A trip into town to eat at the night market-whether in Kuta, Ubud, Bangli,
Gianyar, Singaraja, or Amlapura-makes for a great night out. The visitor
will discover an array of European, Arabian, Chinese, Indian, and local
Indonesian cuisines.
These collections of makeshift foodstalls-poor-men's
restaurants-are aglow with hissing gas lamps, covered by plastic canopies,
and provided with wooden benches or stools. Pure Indonesian and occasionally
Balinese cuisine, including such delicious snacks as krupuk, pisang goreng,
and fried tempeh, are eaten with a cheap aluminum spoon amid much banter
from your fellow diners. You're assured of a genuine and lively atmosphere.
If you're sitting in one foodstall, it doesn't mean you can't also order
from ones nearby. Choose one with the friendliest atmosphere, then walk
around to neighboring warung and order different food treats. If you gesture
to where you're sitting, each vendor will deliver your dish to you. If
you don't speak Bahasa Indonesia, simply point to anything that looks good.
Excellent pasar malam are often in the perimeters
of markets and bus stations. One of the largest is in Denpasar, behind
the parking lot of the multistoried Kumbasari Shopping Complex; other night
markets are at the Suci Bus Station and the Sports Stadium (corner of Jl.
Supratman and Jl. Melati). At night along Jl. Teuku Umar, tent restaurants
open up. Very popular with the locals are such dishes as ayam chi-chi,
grilled fried chicken with lalab (Sundanese salad).
Day Markets
If you prefer to do your own cooking, buy household and kitchen utensils
in the markets along Jl. Gajah Mada in Denpasar, then visit the native
markets for your grocery staples.
While the cattle market (pasar ternak) is
the domain of the men, the everyday village market is the world of women-haggling,
gossiping, cooking, working. Markets in most villages, even the size of
Ubud, take place every three days where you'll see a cornucopia of grains,
beans, seeds, greens, fruit, and pastes of all colors and textures, as
well as typical pasar, and snacks such as klepon, pisang rai, bubur sumsum.
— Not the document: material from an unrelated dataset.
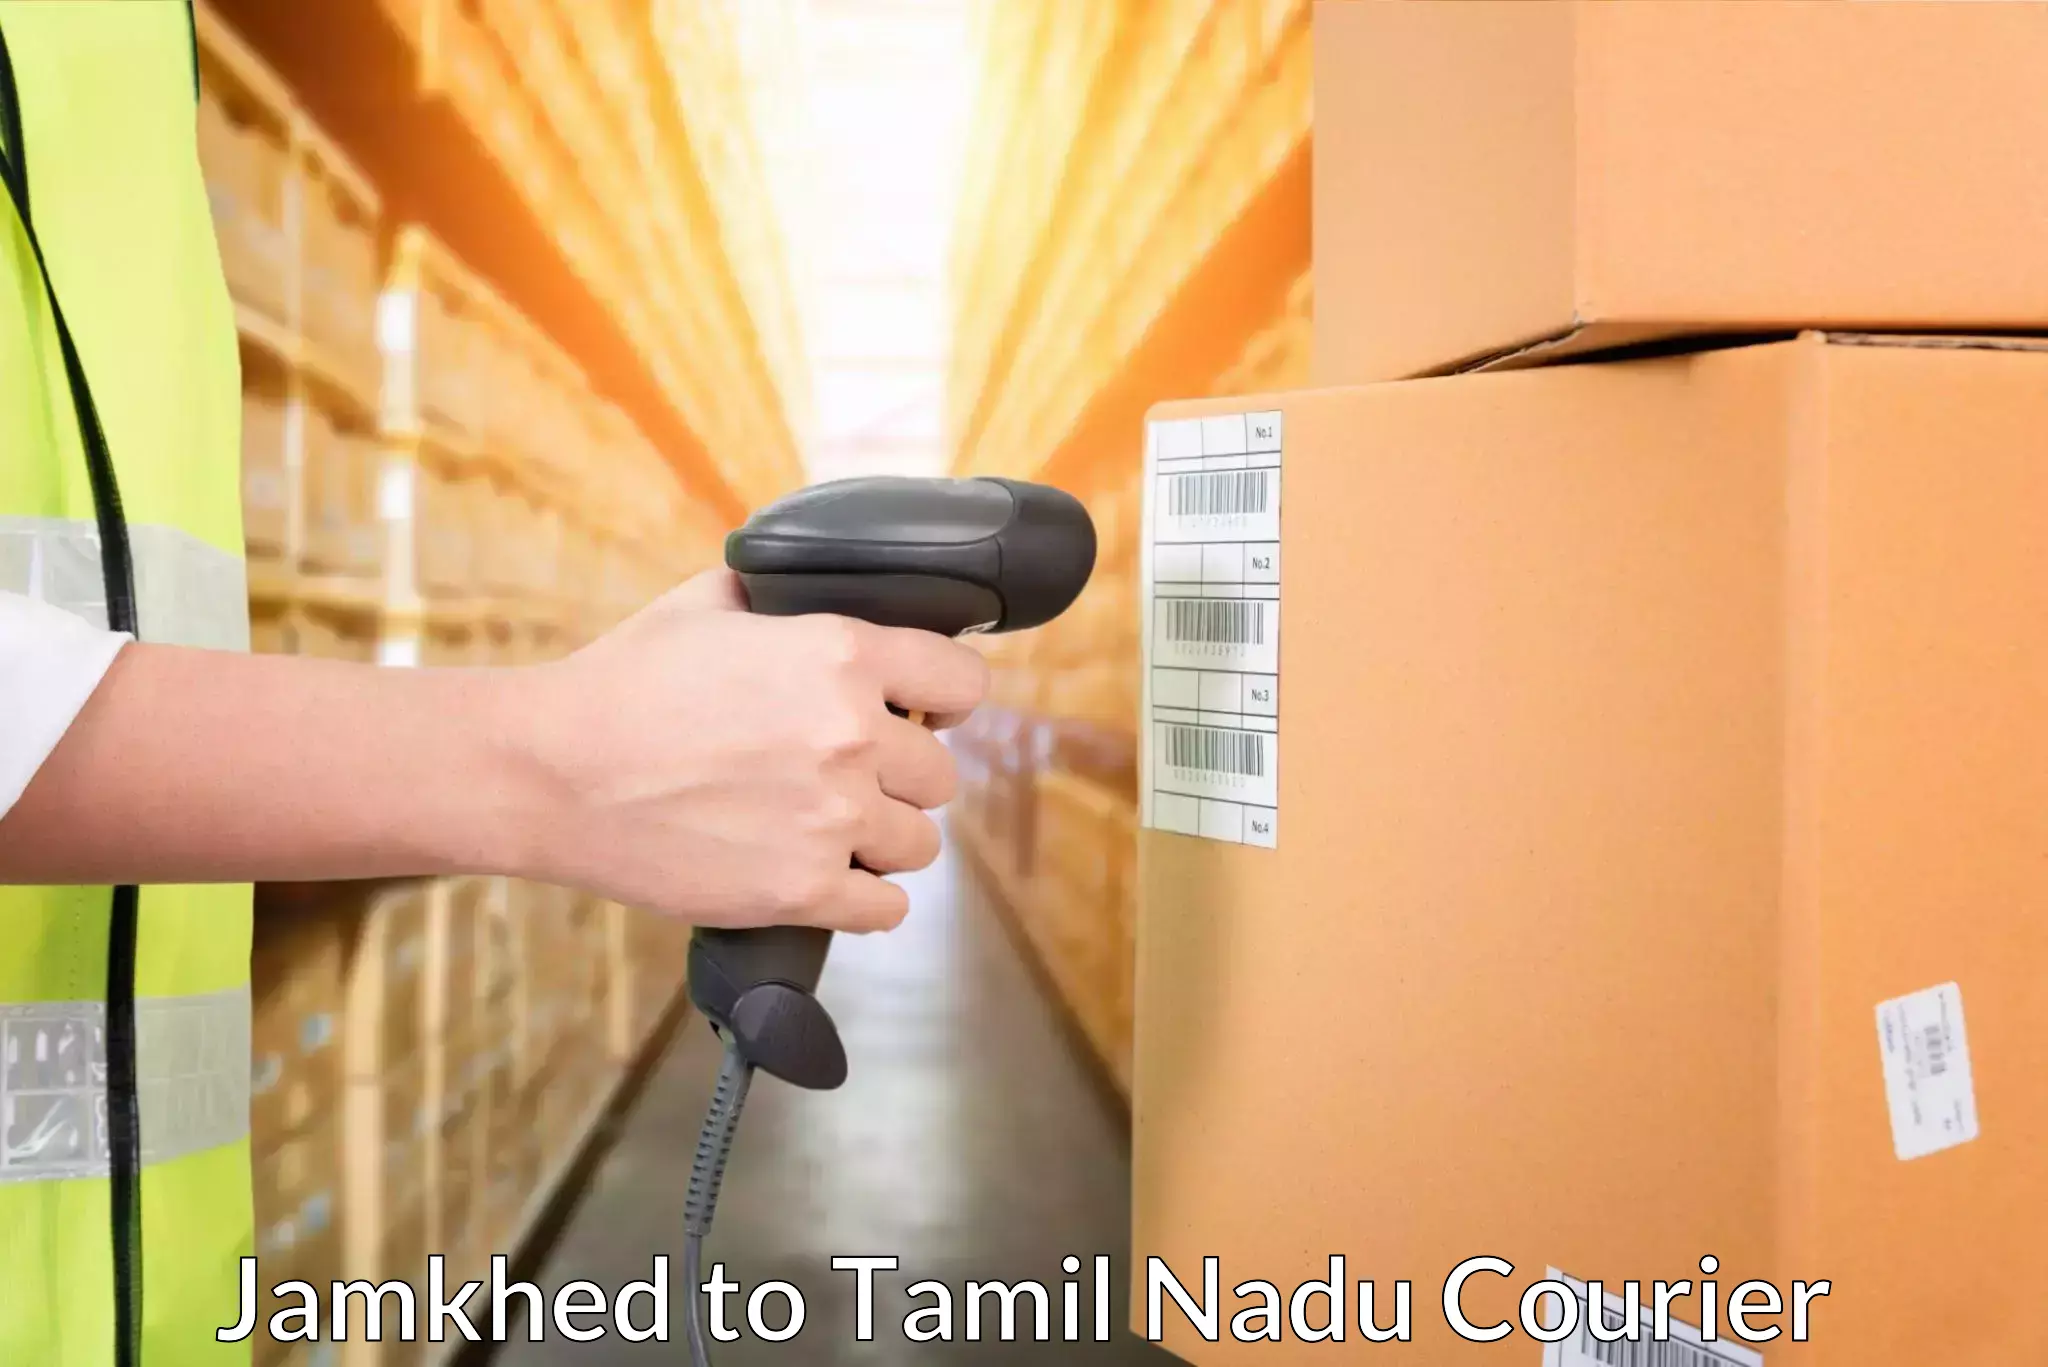 Customer-oriented courier services Jamkhed to Anthiyur

Stands in the markets serve up soups, vegetables, curries, betel nut wrapped
in palm leaf. Great care is taken to make the food attractive so as to
catch the shopper's eye: flowers are strewn over fruit, dishes are brightly
garnished, and green leaves are spread under vegetables. Get there by 0600
with the housewives and pembantus (house-servants) because the best and
freshest produce and the best prices go to the quick and audacious. There
are at least three price levels: the lowest to those in the same kampung,
a higher price to fellow Balinese, and highest of all to the Javanese and
other foreigners who pay a "newcomer's tax" on local goods and
services (don't feel ripped off, it's a negligible amount). Treat bargaining
as entertainment, an enjoyable means of communication.
Supermarkets
At a number of Western-style, air-conditioned supermarkets around the island
you can score such imported and expensive items as peanut butter, jams,
cereal, liquor, Australian T-bone steaks, New Zealand lamb legs, U.S. sirloins
(local meat is too lean and tough), frozen meat, and fresh seafood from
lobster to snapper. Most are laid out like mini-shopping malls. Some even
offer discounted goods, giveaways, and special promotions. Kuta's Galael
Dewata (with a branch on Jl. Bypass in Sanur) has the best deli and wine
selections (bottles of wine start at Rp20,000). There's even a market in
Seminyak near the road down to the Oberoi that's open 24-hours called K-Markt.
It carries deli items like fresh and processed cheeses, fresh baked breads,
dairy products, cereals, biscuits, and beverages. If you're buying biscuits,
nuts, and snacks, get the Indonesian product, which is fresh, delicious,
and cheap. Especially good are the locally produced butter cookies and
shortbreads. All imported fruit is expensive, but if you want oranges or
stone fruit you have no choice in the matter.